Westmont’s Anna Ferg, commissioned as a lieutenant, went to the combat zones in the Middle East.
“I shall never forget the beautiful sunsets and sunrises,” she wrote to her parents back home while she traveled there.
A January 1943 report that appeared in the Johnstown Tribune indicated that nurses who received their training at Memorial Hospital were serving across the world. Forty were in the military. In the South Pacific, they were living in tents and using kerosene lamps. In New Guinea, they moved to huts later on.
Lt. Odella Shawley wrote a letter home during that time from Africa.
“Please do not think of me as being noble or brave for being on foreign duty. I thoroughly enjoy it. However I hope next Christmas finds me back in Pennsylvania. The more I see of the world the more I realize what a privilege it is to be an American.”
The first women marines from the area were Dale’s Margaret Walters and Windber’s Pearl Probert. When the office opened, it was estimated that 100 women asked about serving.
Nursing wasn’t the only role that women filled in the military. Administrative positions were also given to them, as were those in the kitchen. Ida Wendell, of Altoona, was a cook after she enlisted in WAAC.

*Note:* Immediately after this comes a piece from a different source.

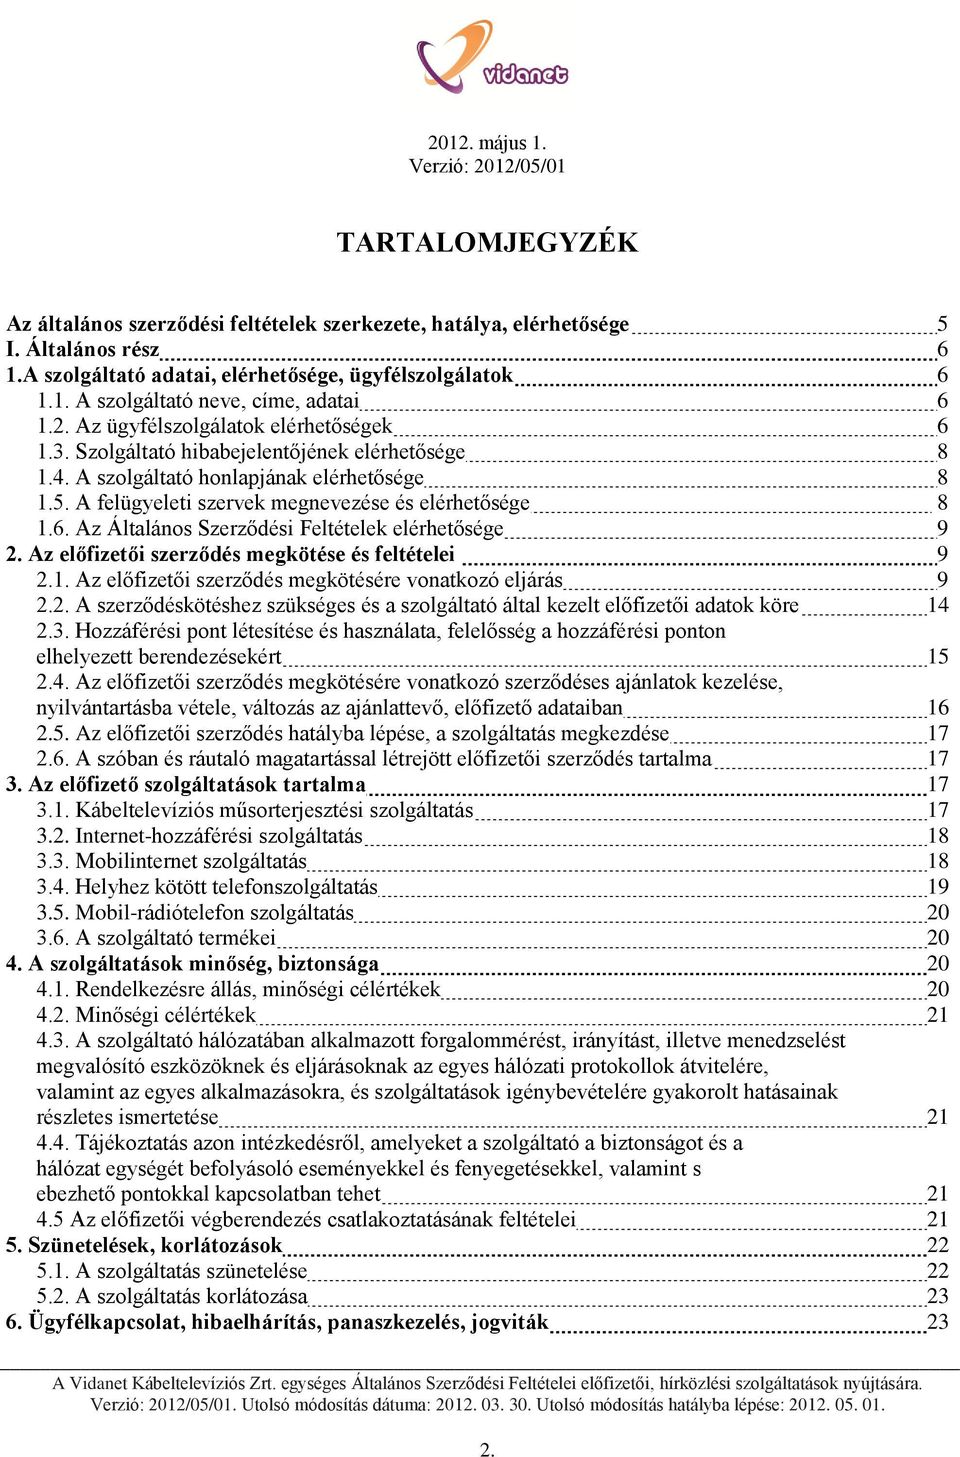 A Vidanet Kábeltelevíziós Szolgáltató Zrt. egységes Általános Szerződési  Feltételei. előfizetői hírközlési szolgáltatások nyújtására - PDF Ingyenes  letöltés

“My line of work is with the cooks and bakers, in other words the backbone of the Army and the most important branch” she wrote the Johnstown Tribune in February 1943. “I think cooking is an art and to be able to keep the soldiers and people of America healthy and well fed is one of the most worthwhile jobs one can do.”
The women saw the destruction and havoc wrought by war. When Windber’s Edna Gibson returned home, she told the newspaper about an 18-month-old child she administered first aid to for burned legs. Later on the mother of the child returned and asked that Gibson take care of her toddler.
Guise said some of the nurses could be in dangerous situations.
“There were instances where women serving overseas were subject to aerial bombardment, to being near danger of being captured. They also flew overseas in planes that weren’t bullet-proof. There were women killed in plane crashes. There were also nurses who were captured as (Prisoners of War) in the Philippines. Anyone in service was putting themselves in danger in some form. But women working in factories certainly were also oftentimes putting themselves at risk.”
That happened in New Guinea, when Gabryjolek was there, according to an Associated Press article at the time, and In January 1944, Nazi bombers sank a hospital ship near Italy. One of the nurses on board was Lt. Laura Ruth Hindman of Johnstown. Both survived.
Much like today, women then often got targeted with malicious gossip or misogyny because they led unconventional lives that stepped outside of the feminine roles, according to Guise.
“People who did something different or unexpected got that,” Guise said. “It sometimes stems from a feeling or fear of being threatened. But I think women, there were certain expectations of how a woman should behave or dress. Those were relaxed during war times. I think war also opened a lot of opportunities for women. Those were not always unchallenged by the American population in general, but also by other women and men.”